Week in Review
All good things come to an end, and it is especially true of Wall Street. After a five week winning streak, U.S. equities took a breather and edged lower, although not by much. The holiday-shortened trading week saw the Dow Industrials lose 87 points or .5%, while the S&P 500 lost closer to 0.7%. While the NASDAQ was also lower by 0.5%, the smaller-cap Russell 2000 was in the red by 2% for the week. Most sectors were in negative territory when all was said and done, especially shares of energy producers and oil service firms, which declined 2.5% on average. Basic material and financial stocks didn’t fare much better. There was some strength in healthcare, however, gaining .75%, as well as telecom and utilities, both in the green by 0.5%. The terrorist attacks in Brussels, as we have seen in the past, did not materially shake markets both here and abroad.
In economic news, the Commerce Department reported that durable-goods orders in February fell 2.8% from January’s level and January’s decline was revised downward by 0.5%. GDP, the broadest measure of goods and services produced across the economy, was revised upward from 1% to a seasonally adjusted 1.4% annual rate in the final quarter of 2015. These up-and-down reports, along with the possibility of a slowdown in employment for March, is keeping Fed watchers on edge. There appears to be a great deal of dissension among FOMC members as to the direction of short-term interest rates with a possible hike now seen for April.
First quarter earnings season kicks off in a few weeks and the consensus is for a 7% – 8% drop in quarterly results for the companies in the S&P 500. For markets to continue higher, there needs to be a stronger showing than that as well as improved sales and earnings guidance for the remainder of the year. And for a turnaround in profits, the U.S. economy needs to pick up steam along with an uptick in China and other global economies. While there may be some moderate moves to the upside ahead for stocks, especially if the business outlook stays positive and the Fed remains supportive, the recent tragic events in Brussels point out that the global situation is dangerous and may yet prove unsettling for the markets.

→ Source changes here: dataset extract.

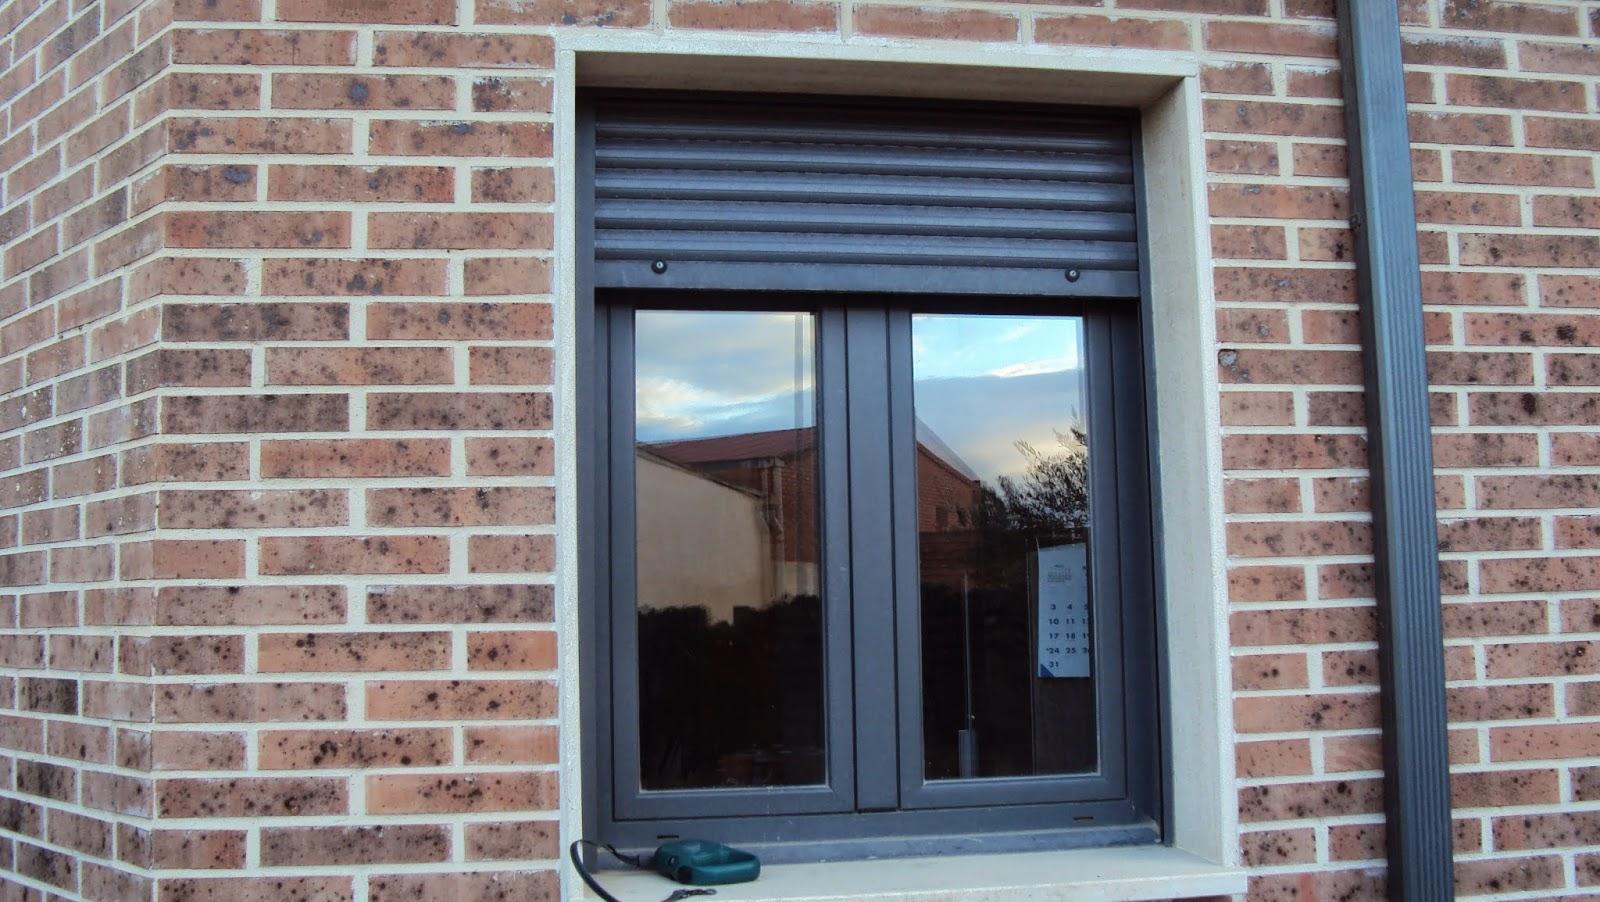 Aluminio y cerrajer a abel y cesar santiuste de san juan for Colores ventanas aluminio lacado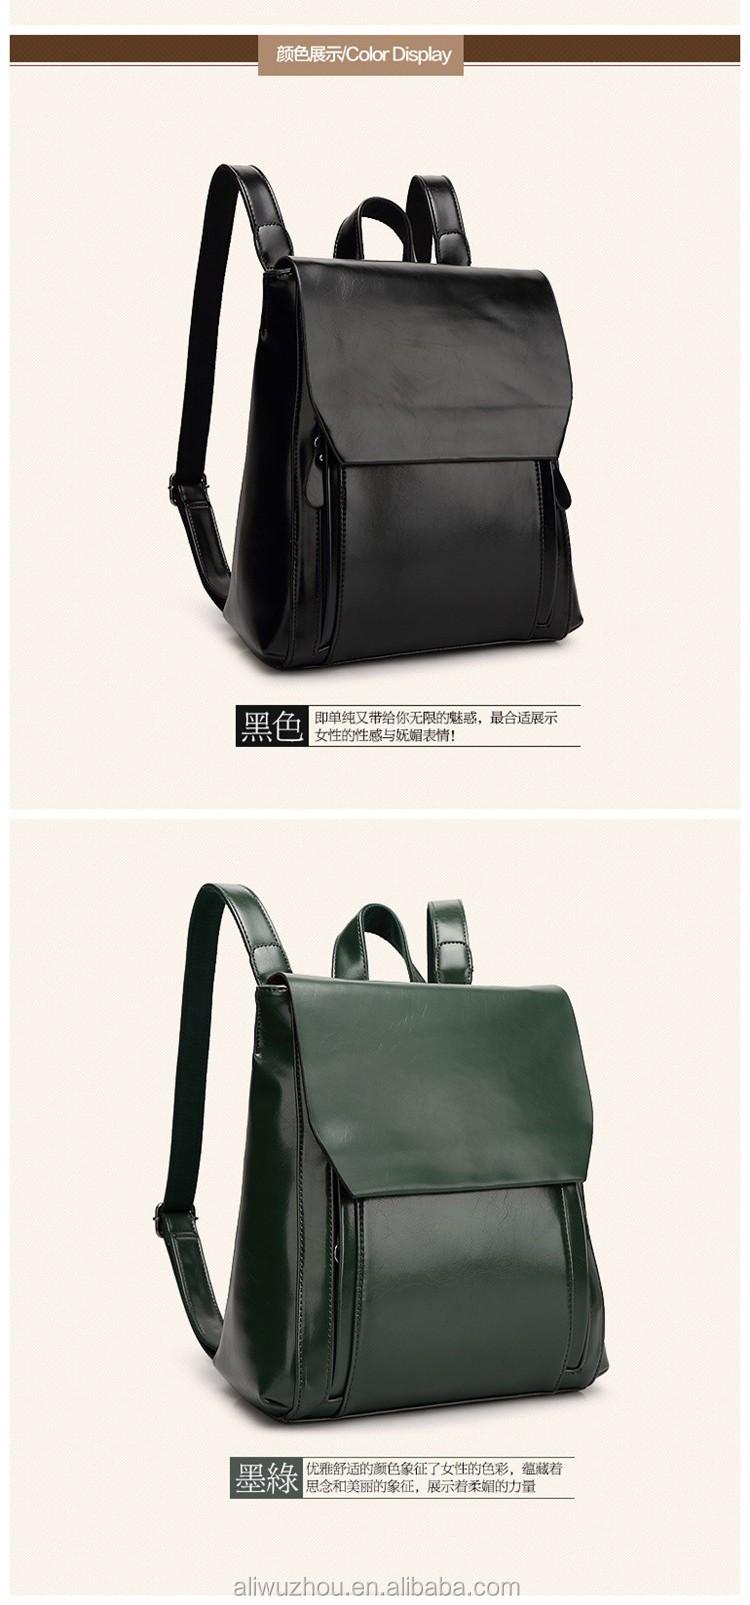 Кожаный рюкзак таобао dcshoecousa рюкзак купить

Here is the answer to last week’s trivia question: The American Stock Exchange, founded in 1908, is? Defunct; owned by Intercontinental Exchange, Inc.; still independent and operating as The American Stock Exchange; or part of the NASDAQ. Answer: Owned by Intercontinental Exchange, Inc. The venerable American Stock Exchange was acquired by the New York Stock Exchange (NYSE Euronext) in 2006, which was subsequently purchased by the Intercontinental Exchange in 2013 and re-branded as NYSE Market. The iconic Amex Building at 86 Trinity Place in Manhattan was closed in December, 2008 and the trading floor of listed equities moved to the New York Stock Exchange building.
Today’s Trivia Question: The longest-sitting director for an S&P 500 listed company is? Warrant Buffet (Berkshire Hathaway); Sumner Redstone (CBS and Viacom); Charles Munger (Berkshire Hathaway); Leonard Alan Lauder (Estee Lauder Cos.).